What needs to be done =
Skip the pictures and repeat each line of the data exactly.
---------- Information provided
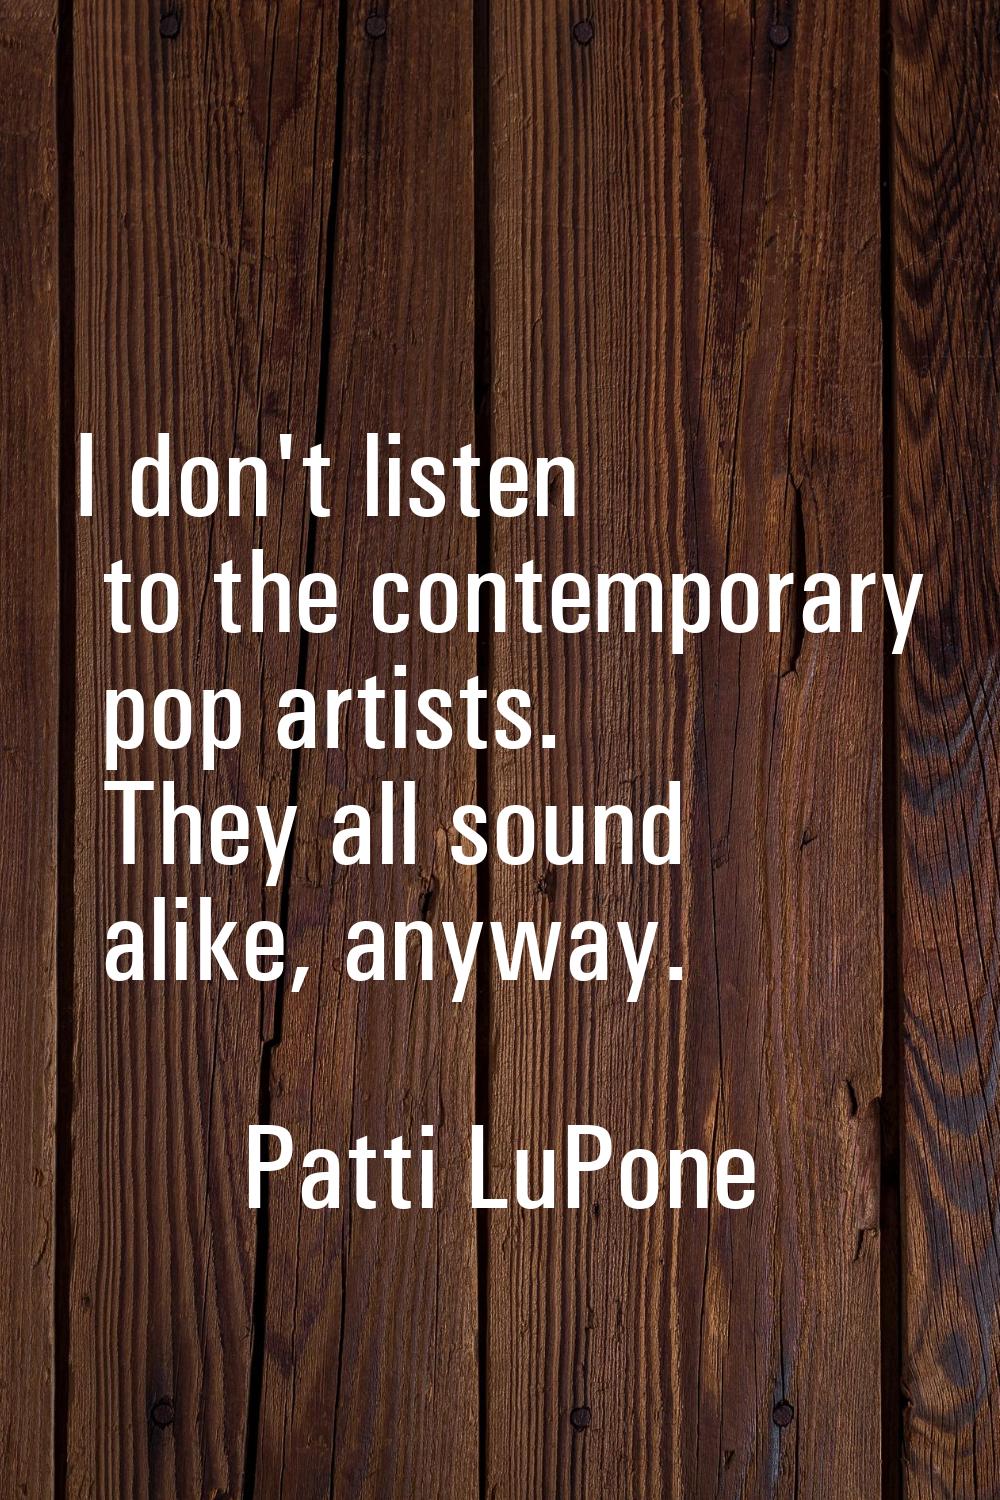 I don't listen to the contemporary pop artists. They all sound alike, anyway.
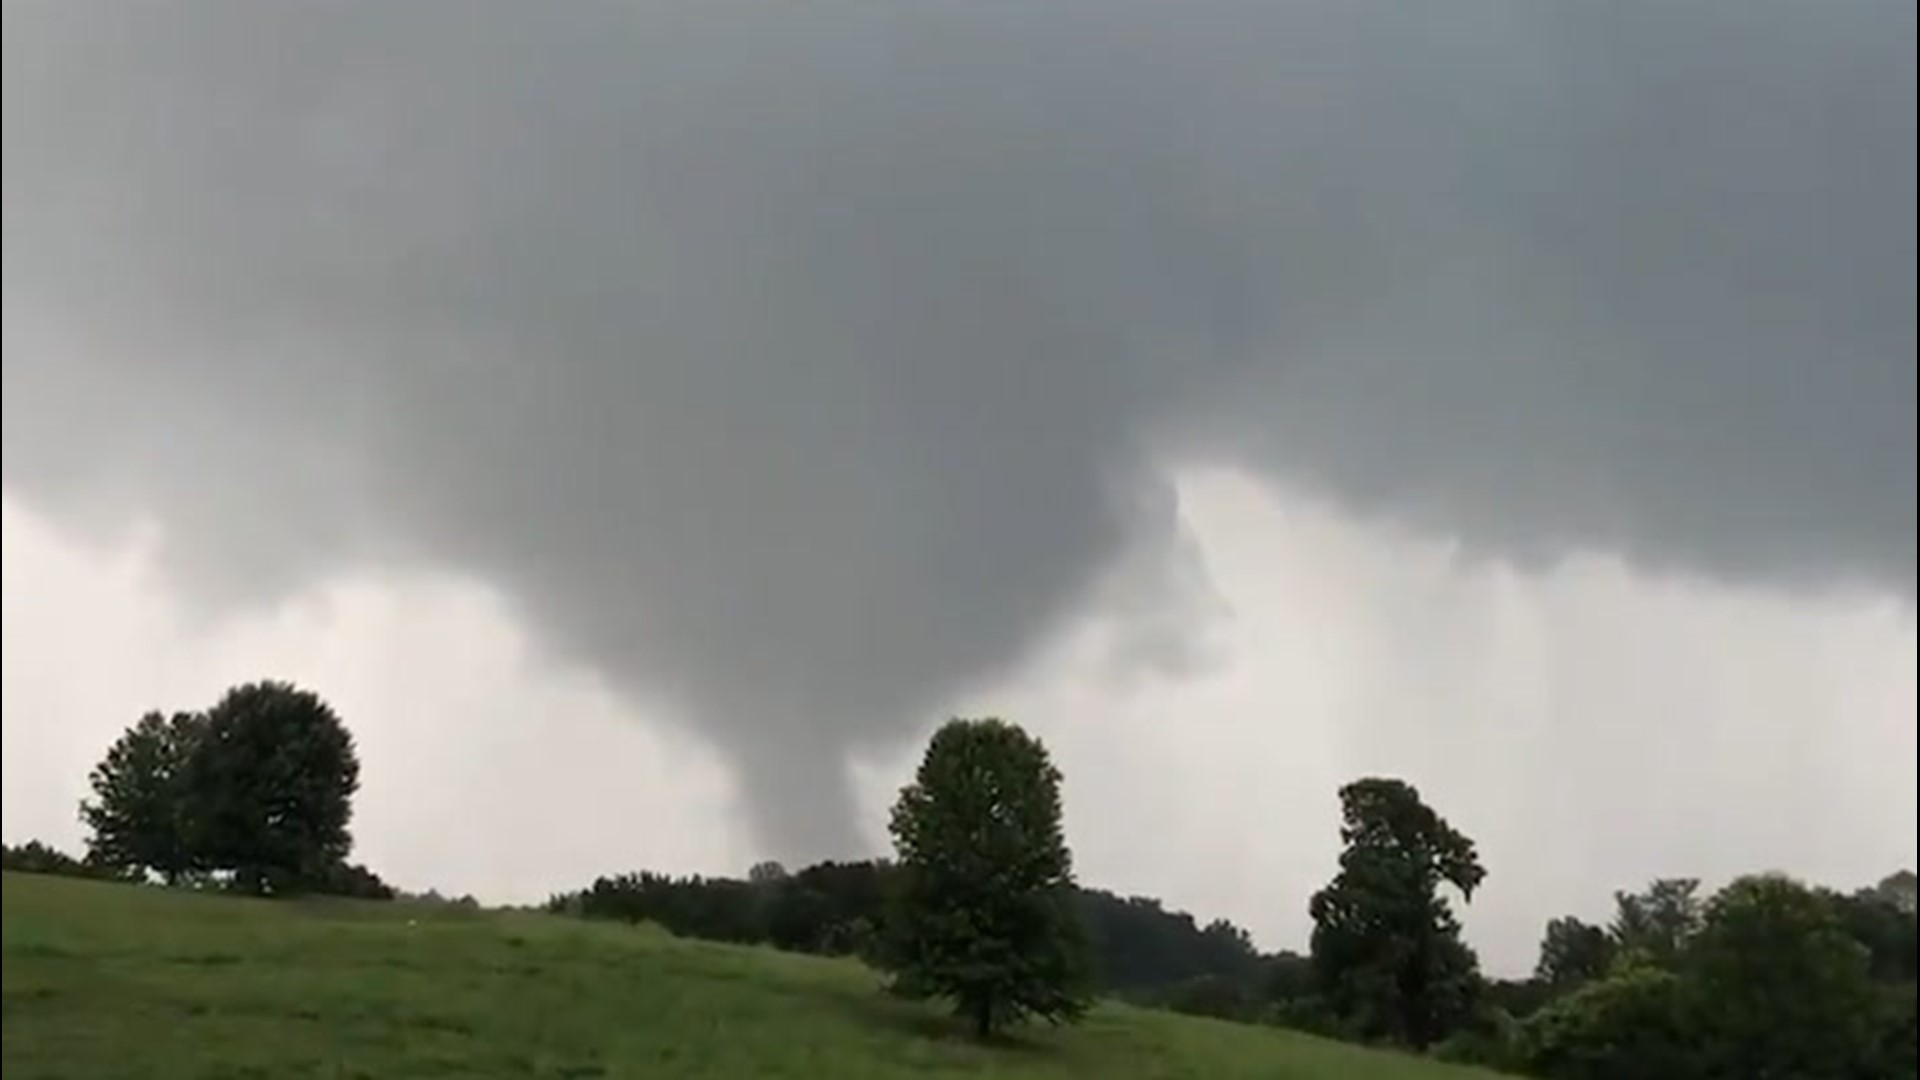 This funnel cloud formed over Botetourt County, Virginia, on Aug. 1. The area was under a tornado warning.
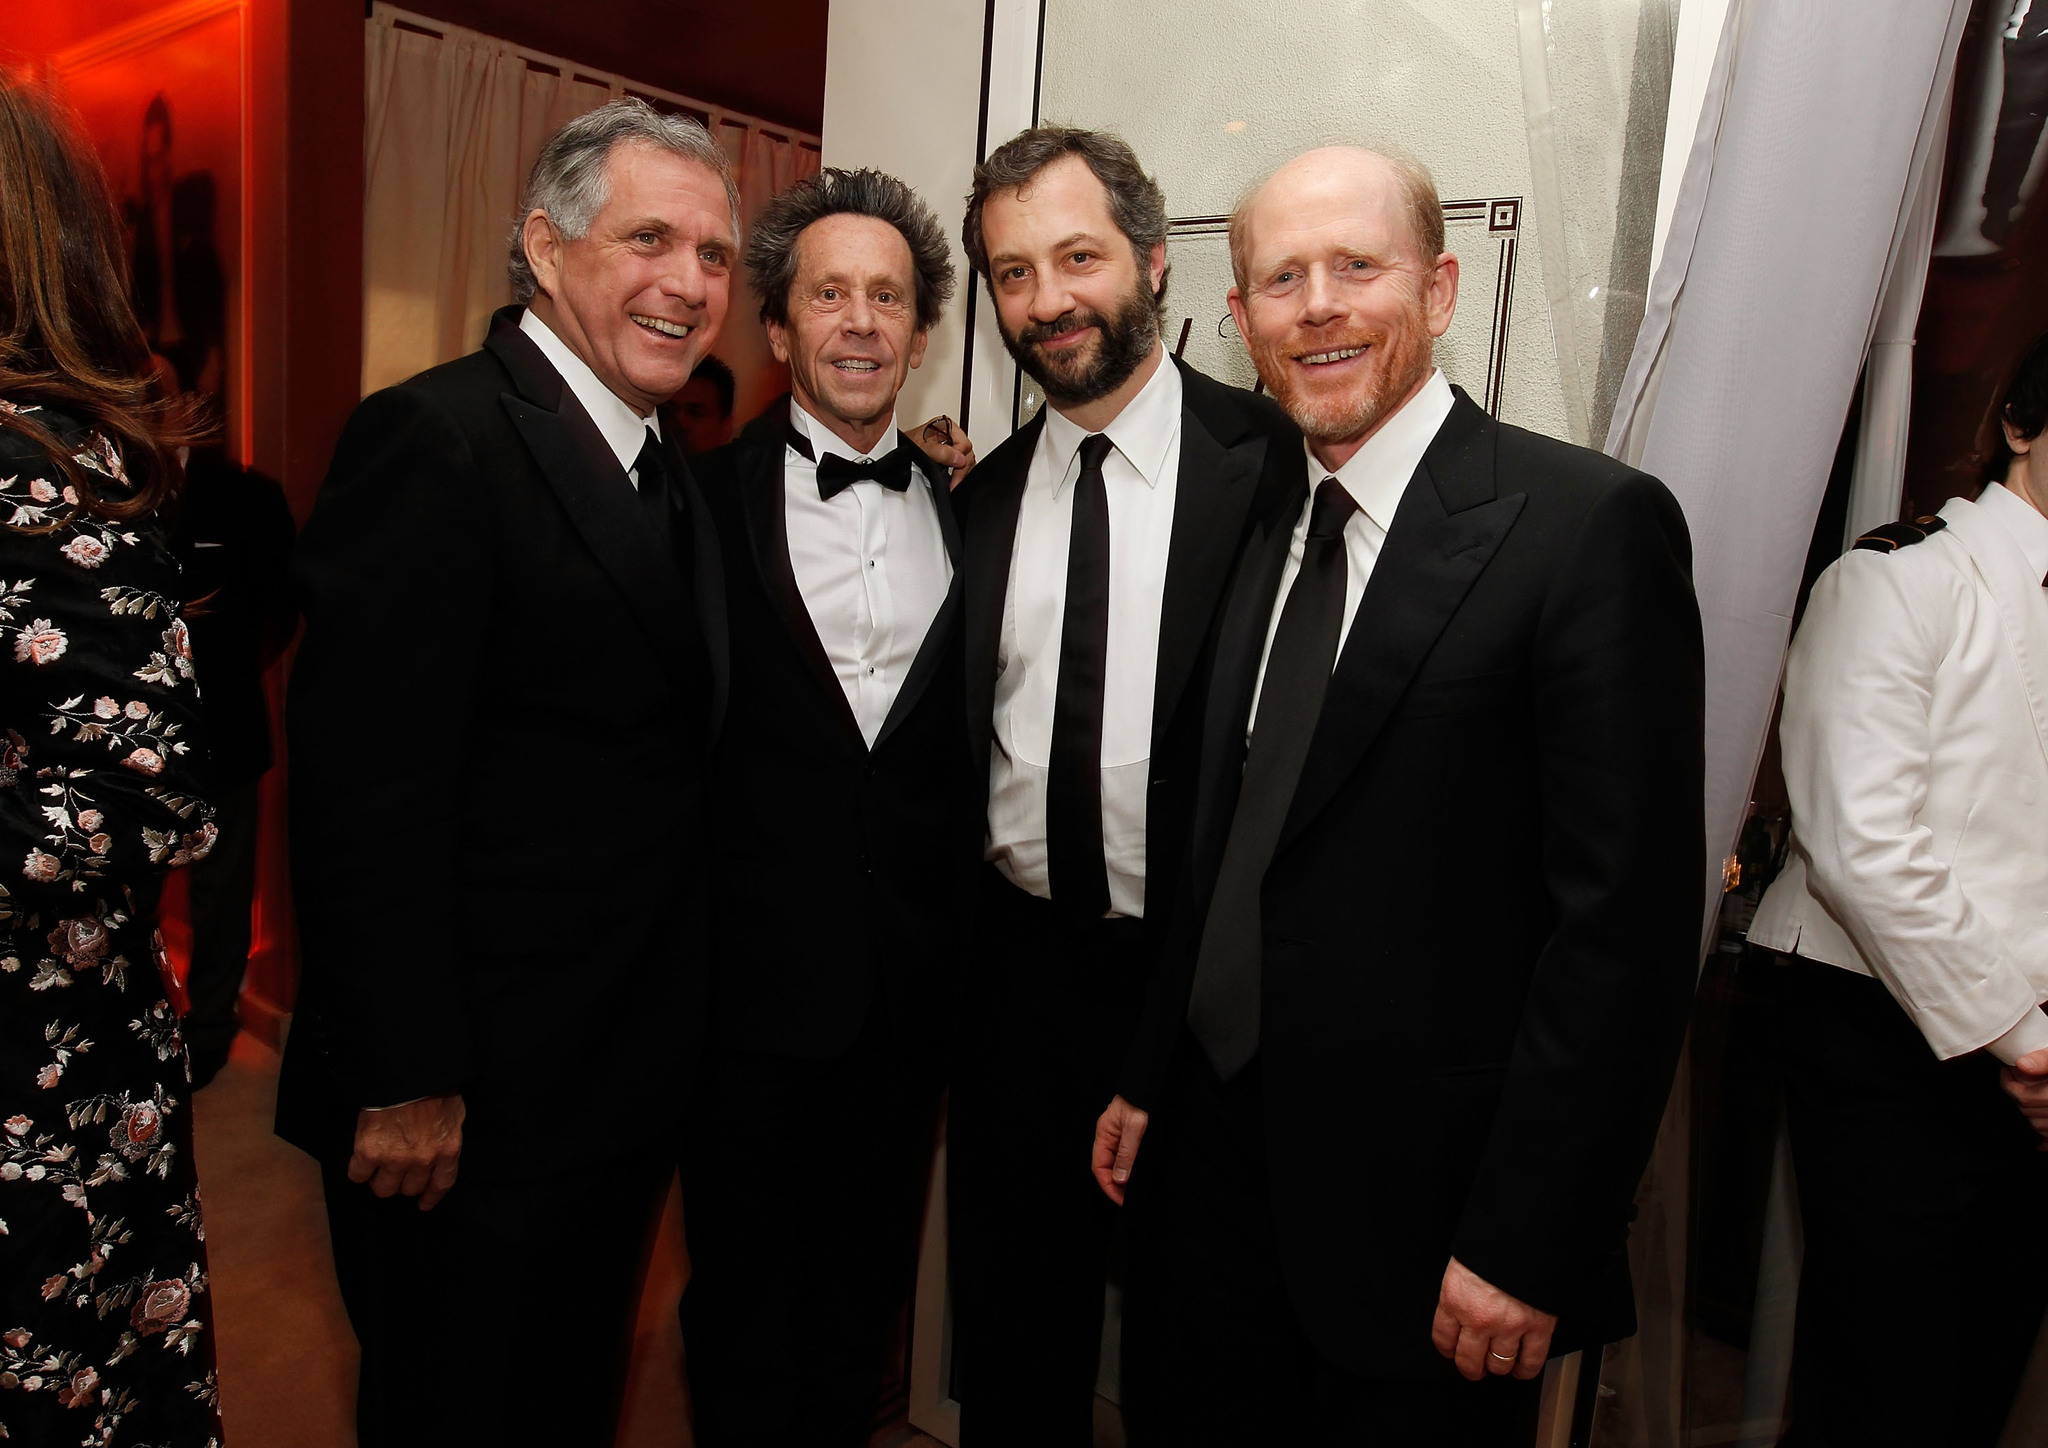 Ron Howard, Brian Grazer, Judd Apatow and Leslie Moonves
--------------------
Task answer =
 I don't listen to the contemporary pop artists. They all sound alike, anyway.
 This funnel cloud formed over Botetourt County, Virginia, on Aug. 1. The area was under a tornado warning.
 Ron Howard, Brian Grazer, Judd Apatow and Leslie Moonves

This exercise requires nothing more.